## [Exercise prompt]
Would you please repeat, word for word, only the lines from the one holding "What amazing world" through the one holding "Contemporary GIA Certified" in the material below, without the pictures?
** Opening Source data block **
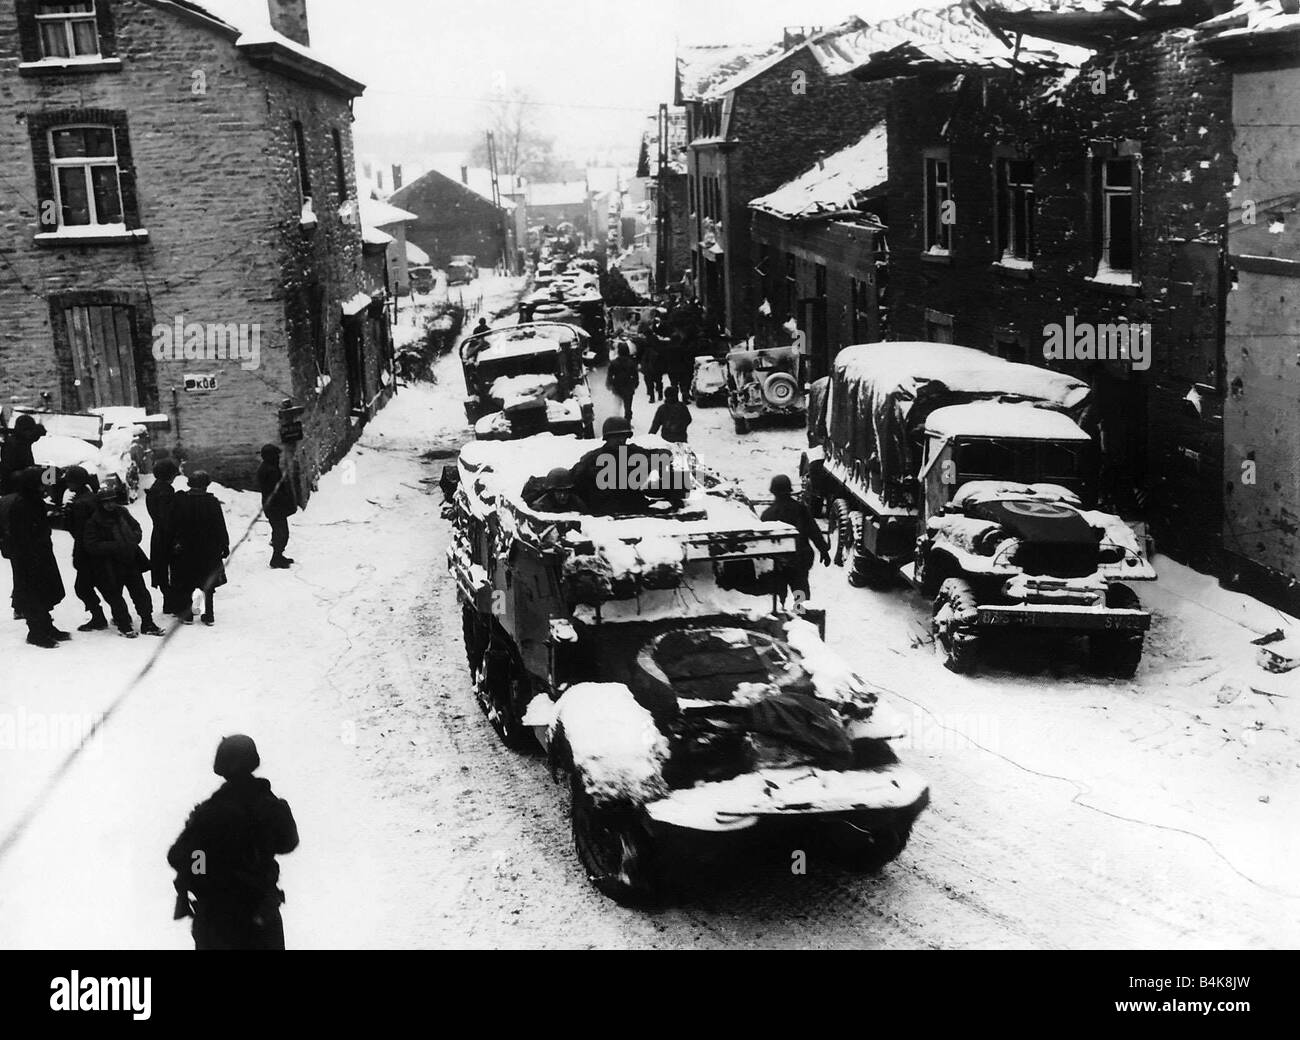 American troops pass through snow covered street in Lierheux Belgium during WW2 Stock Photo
** Closing Source data block **
** Opening Source data block **
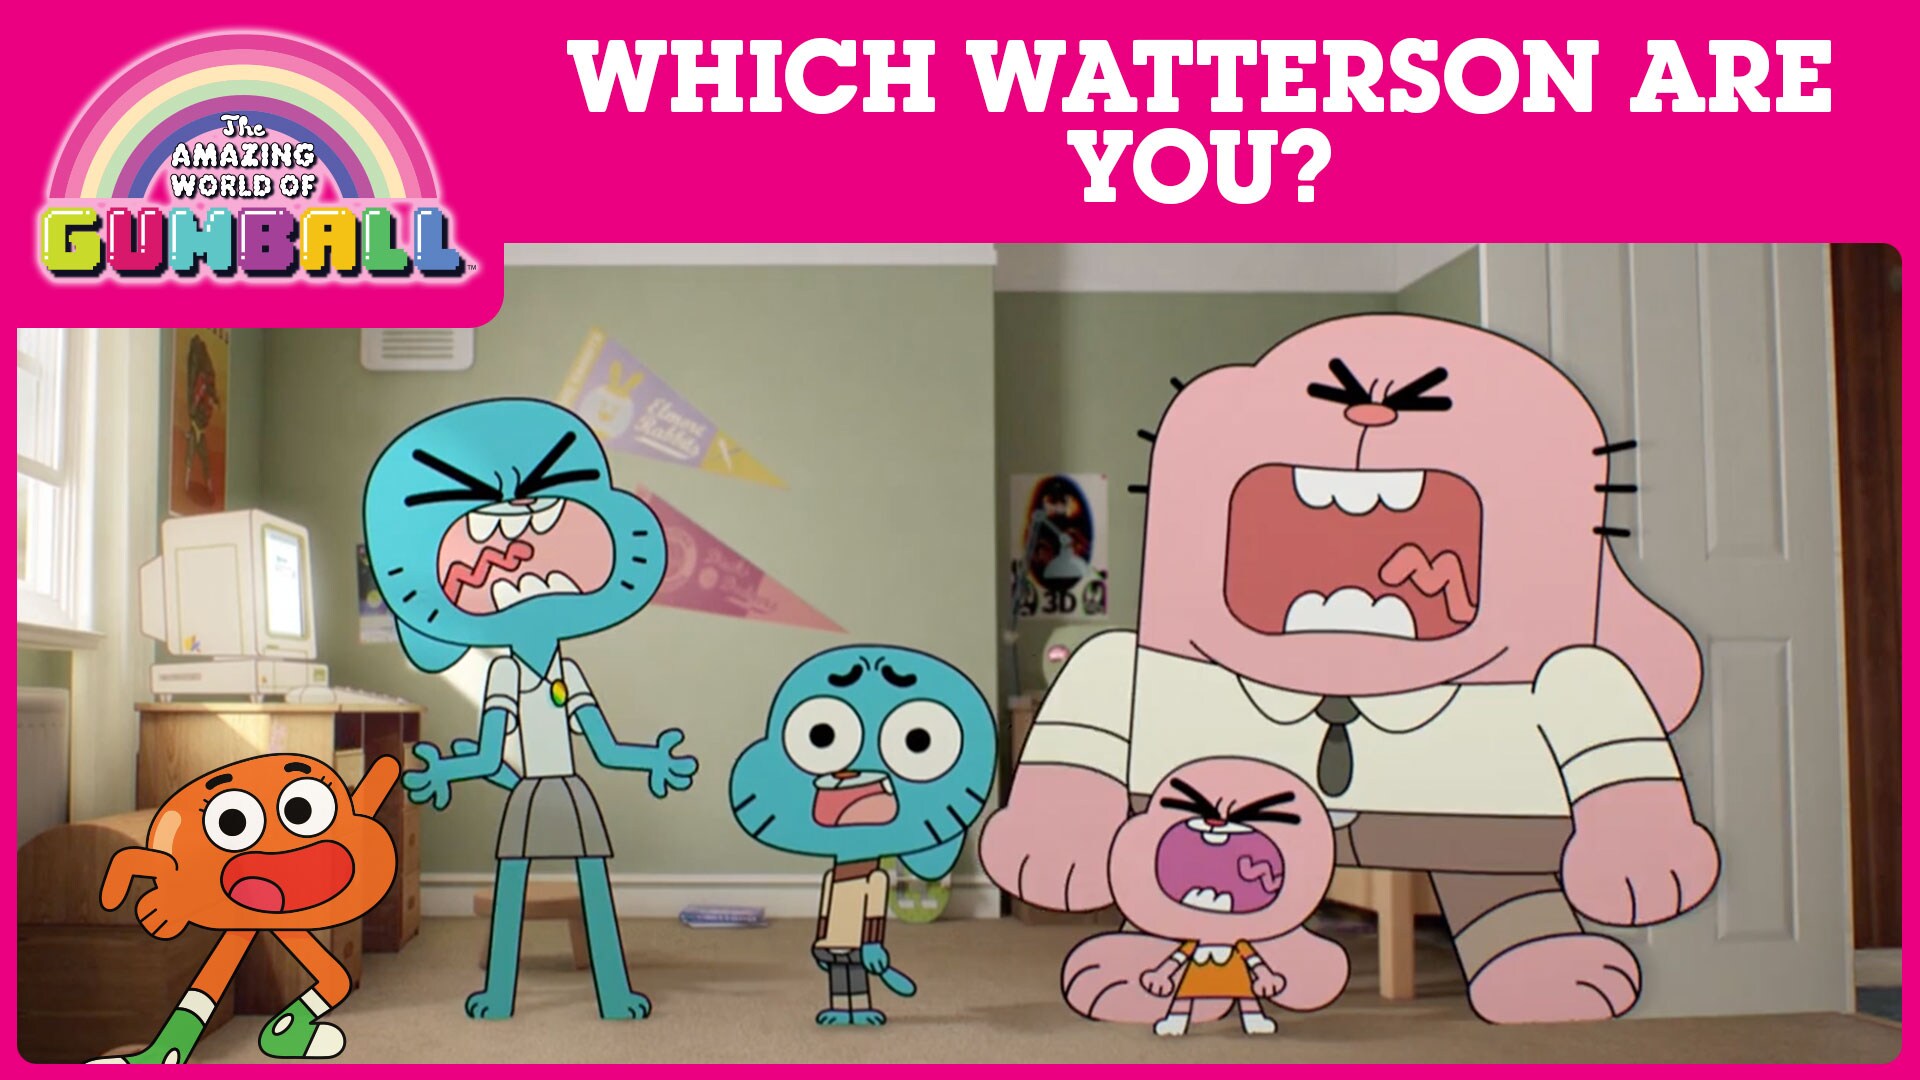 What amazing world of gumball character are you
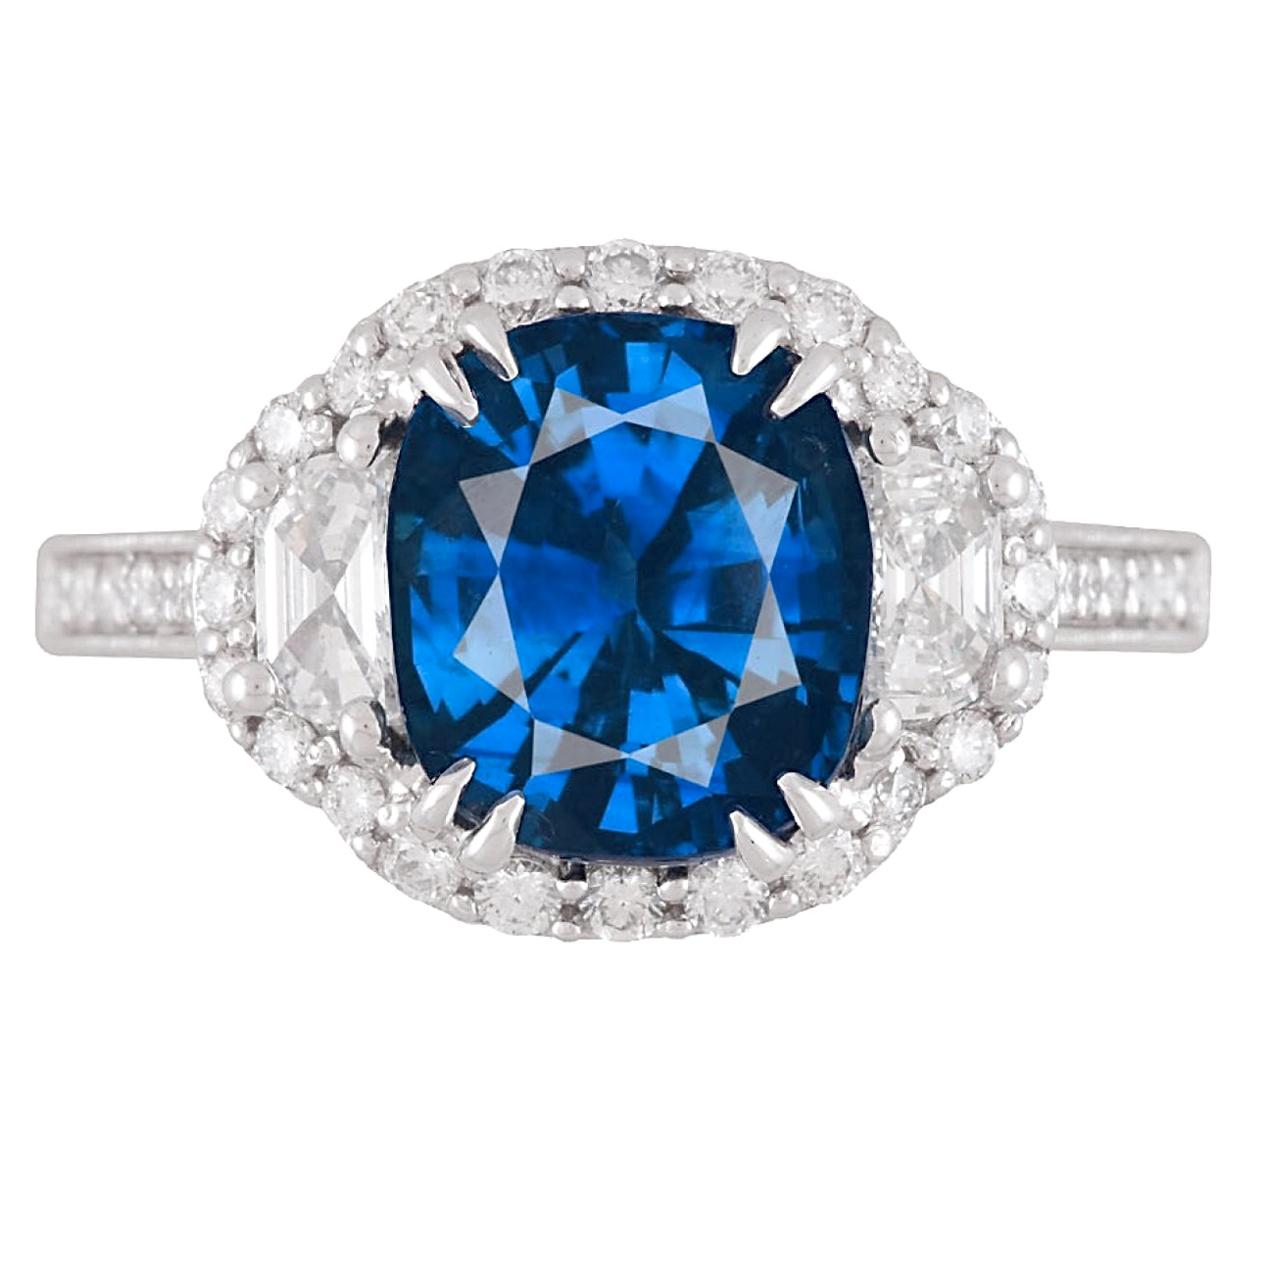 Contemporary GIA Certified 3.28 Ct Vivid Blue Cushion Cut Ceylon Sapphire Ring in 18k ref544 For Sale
** Closing Source data block **
## [Exercise output]
 What amazing world of gumball character are you
 Contemporary GIA Certified 3.28 Ct Vivid Blue Cushion Cut Ceylon Sapphire Ring in 18k ref544 For Sale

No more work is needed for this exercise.